Fix as.sir() data.frame: preserve already-<sir> columns, exclude metadata

Issue #278: two related bugs in the column-detection / type-assignment pipeline. Bug 1 – already-<sir> columns deleted on re-run Line 886 excluded already-sir columns from the type assignment (they stayed type "") causing the result loop to do x[,col] <- NULL, deleting them. Fix: drop the !is.sir() guard so all untyped columns fall through to type "sir" and are re-processed correctly. Bug 2 – metadata columns treated as antibiotics as.ab("patient") -> OXY, as.ab("ward") -> PRU. The column detector accepted any column whose name matched an antibiotic code, regardless of content. Fix: for name-matched columns that do not already carry an AMR class, also verify content looks like AMR data (all_valid_mics, all- numeric, or any SIR-like string). all_valid_disks() is intentionally avoided here because it strips letters from strings (as.disk("Pt_1")==1). Also adds tools/benchmark_parallel.R: a standalone script that times sequential vs parallel as.sir() across n=20/200/2000/20000 rows and saves a ggplot2 PNG to tools/benchmark_parallel.png. https://claude.ai/code/session_012DXCXbZUC54Zij1z9bFiHR
2026-05-31 23:01:44 +02:00 · 2026-04-24 21:30:21 +00:00
parent ce79dd1f75
commit 6ece73cb22
4 changed files with 124 additions and 4 deletions
--- a/tests/testthat/test-sir.R
+++ b/tests/testthat/test-sir.R
@@ -406,6 +406,37 @@ test_that("test-sir.R", {
  expect_equal(out3, as.sir(c("NWT", "WT", "NWT")))
  expect_equal(out4, as.sir(c("NWT", "WT", "NWT")))

+  # Issue #278: re-running as.sir() on already-<sir> data must preserve columns
+  df_already_sir <- data.frame(
+    mo  = "B_ESCHR_COLI",
+    AMC = as.mic(c("1", "2", "4")),
+    GEN = sample(c("S", "I", "R"), 3, replace = TRUE),
+    stringsAsFactors = FALSE
+  )
+  first_pass  <- suppressMessages(as.sir(df_already_sir, col_mo = "mo", info = FALSE))
+  second_pass <- suppressMessages(as.sir(first_pass,    col_mo = "mo", info = FALSE))
+  expect_equal(ncol(first_pass), ncol(second_pass))
+  expect_true(is.sir(second_pass[["AMC"]]))
+  expect_true(is.sir(second_pass[["GEN"]]))
+  expect_identical(first_pass[["AMC"]], second_pass[["AMC"]])

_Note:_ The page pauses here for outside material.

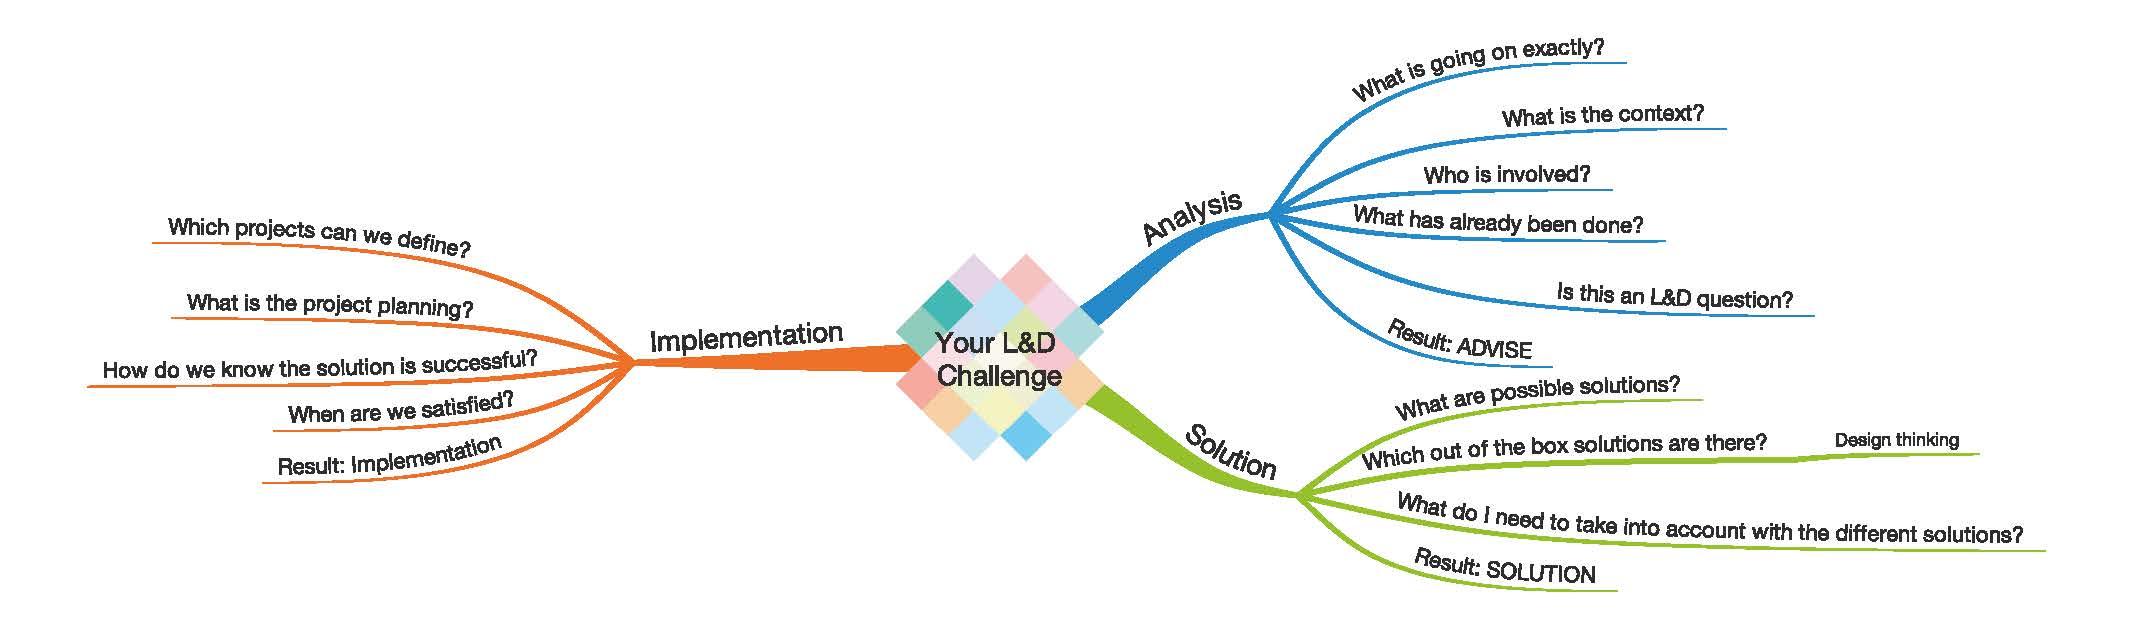 Your LD challenge

+  expect_identical(first_pass[["GEN"]], second_pass[["GEN"]])
+
+  # Issue #278: metadata columns whose names coincidentally match antibiotic
+  # codes (e.g. 'patient' -> OXY, 'ward' -> PRU) must not be processed
+  df_meta <- data.frame(
+    mo      = "B_ESCHR_COLI",
+    patient = paste0("Pt_", 1:20),
+    ward    = rep(c("ICU", "Surgery", "Outpatient", "ED"), 5),
+    AMC     = as.mic(rep(c("1", "2", "4", "8"), 5)),
+    stringsAsFactors = FALSE
+  )
+  df_meta_sir <- suppressMessages(as.sir(df_meta, col_mo = "mo", info = FALSE))

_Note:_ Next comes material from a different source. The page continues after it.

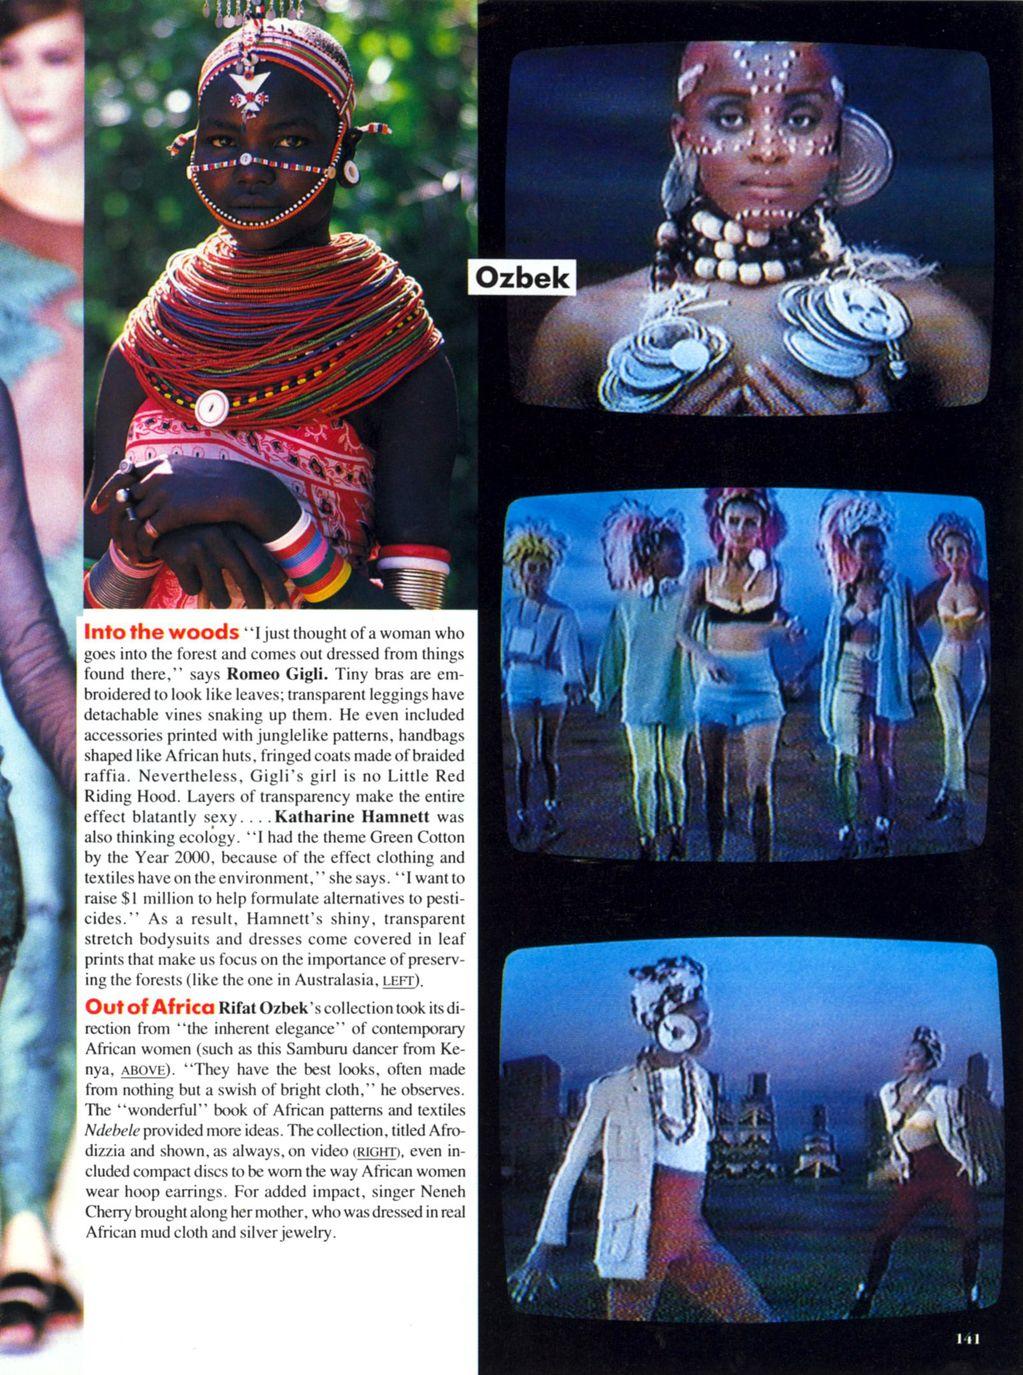 Vogue (US) January 1991 | Fashion 1991 10.jpg

+  expect_true("patient" %in% colnames(df_meta_sir))
+  expect_true("ward"    %in% colnames(df_meta_sir))
+  expect_false(is.sir(df_meta_sir[["patient"]]))
+  expect_false(is.sir(df_meta_sir[["ward"]]))
+  expect_true(is.sir(df_meta_sir[["AMC"]]))
+
  # Parallel computing ----------------------------------------------------
  # Tests must pass even when only 1 core is available; parallel = TRUE then
  # silently falls back to sequential, but results must still be identical.